New method recycles lithium-iron-phosphate batteries cheaply

Energy-efficient electrochemical process turns LFP battery waste into usable lithium

by Sam Lemonick, special to C&EN
June 5, 2025

 

A beaker labeled “black mass” containing black powder and another containing white powder stand next to an electrochemical cell on a lab bench.
Credit: Kyoung-Shin Choi
A new, water-based method extracts lithium compounds (white powder) from ground-up used batteries (black powder) in an electrochemical cell (left).

Carmakers are quickly adopting the newest generation of rechargeable lithium-ion batteries, which are cheaper than their predecessors. But recycling lithium from the lithium-iron-phosphate (LFP) cathodes in these cells may not be economically viable using existing methods.

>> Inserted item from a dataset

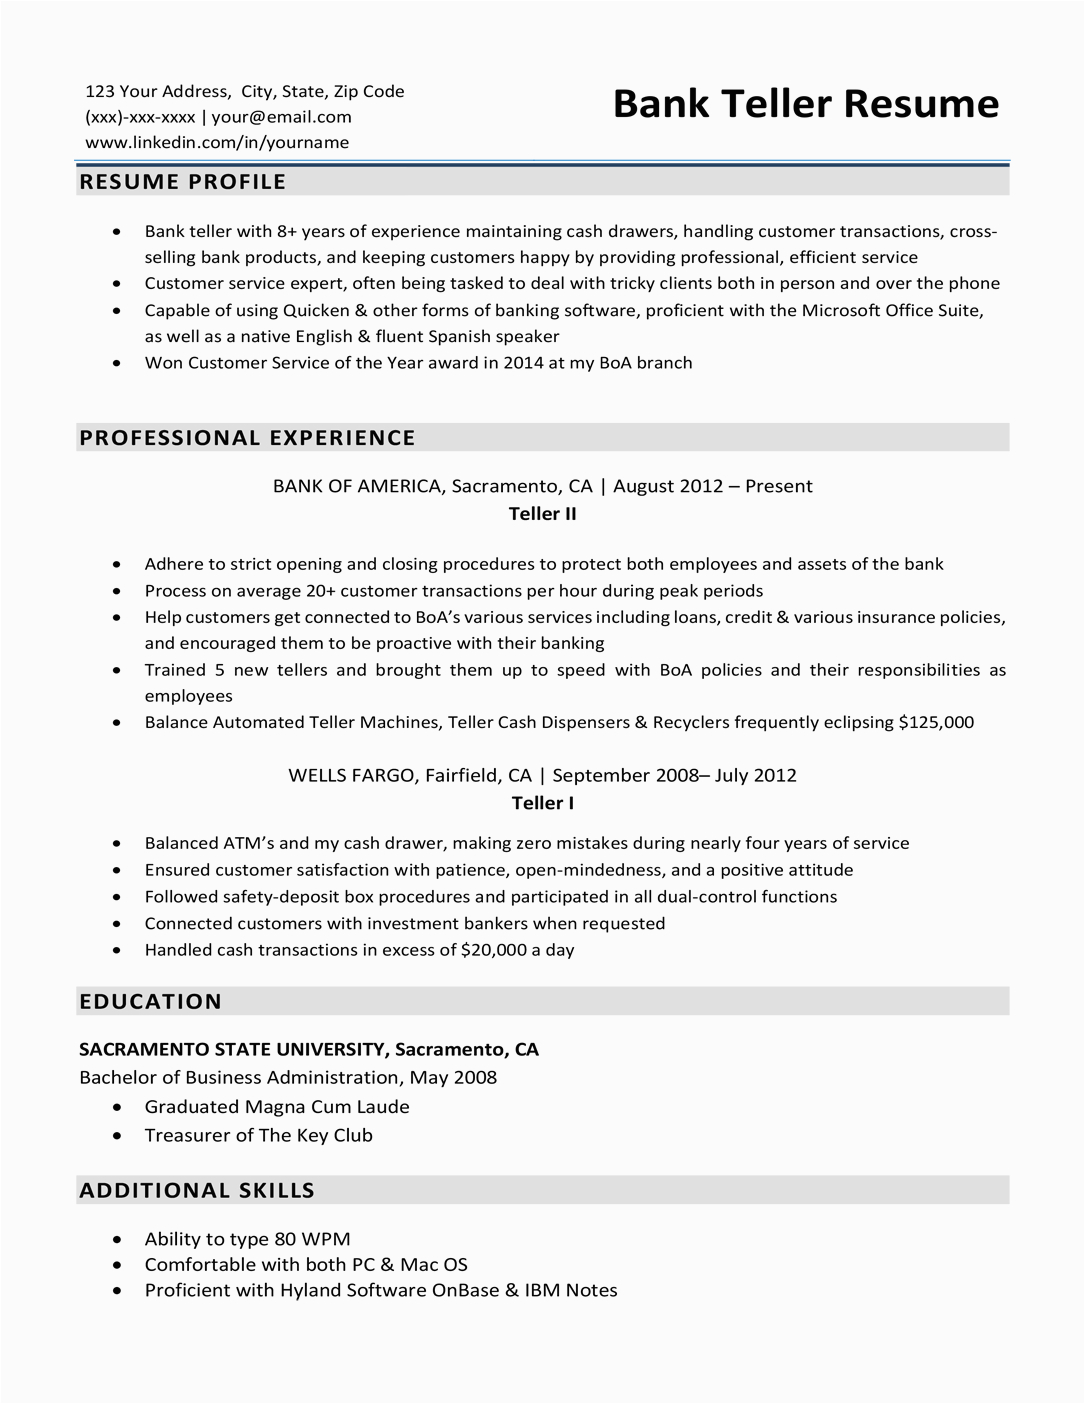 Sample Resume for Bank Teller with Experience Bank Teller Resume Sample Finder Jobs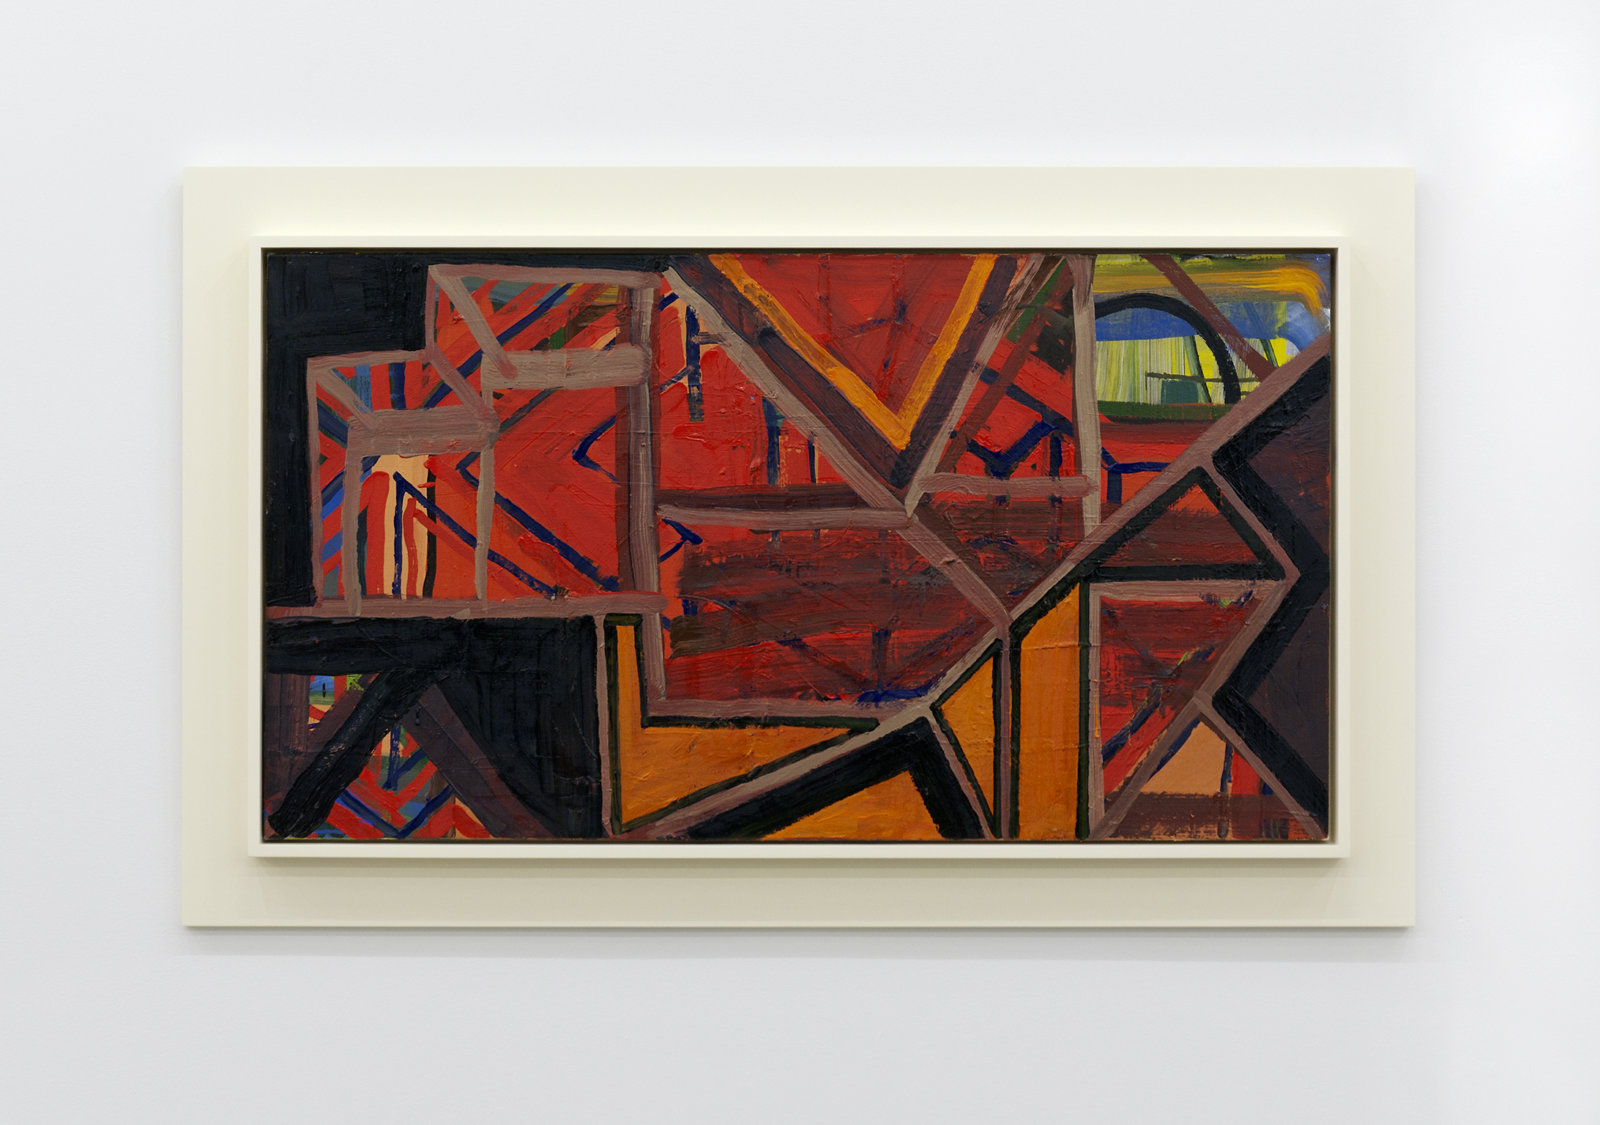 Damian Moppett, Horizontal Abstraction, 2010, oil on canvas and wood frame, 32 x 52 in. (80 x 132 cm)

A team of researchers says its new electrochemical approach could be a solution (ACS Energy Letters, 2025, DOI: 10.1021/acsenergylett.5c01087).

“It’s a conceptually novel approach to LFP recycling and a real advance in electrochemical separation science,” Volker Presser, an energy materials scientist at the Leibniz Institute for New Materials and Saarland University, tells C&EN in an email. Presser was not involved in the new study.

Most electric vehicles in the US and Europe use battery cathode materials that contain cobalt, nickel, and manganese. The energy- and material-intensive processes used to recycle these batteries, such as melting them down or leaching materials out, are profitable because of the value of the metals, according to Kyoung-Shin Choi of the University of Wisconsin–Madison, who developed the new recycling method with her research group.

But market projections suggest that cheaper LFP batteries will outnumber those batteries in the next decade, with consequences for recycling. “Unless you come up with a completely different way to recover lithium, recycling LFP batteries is not viable,” Choi says.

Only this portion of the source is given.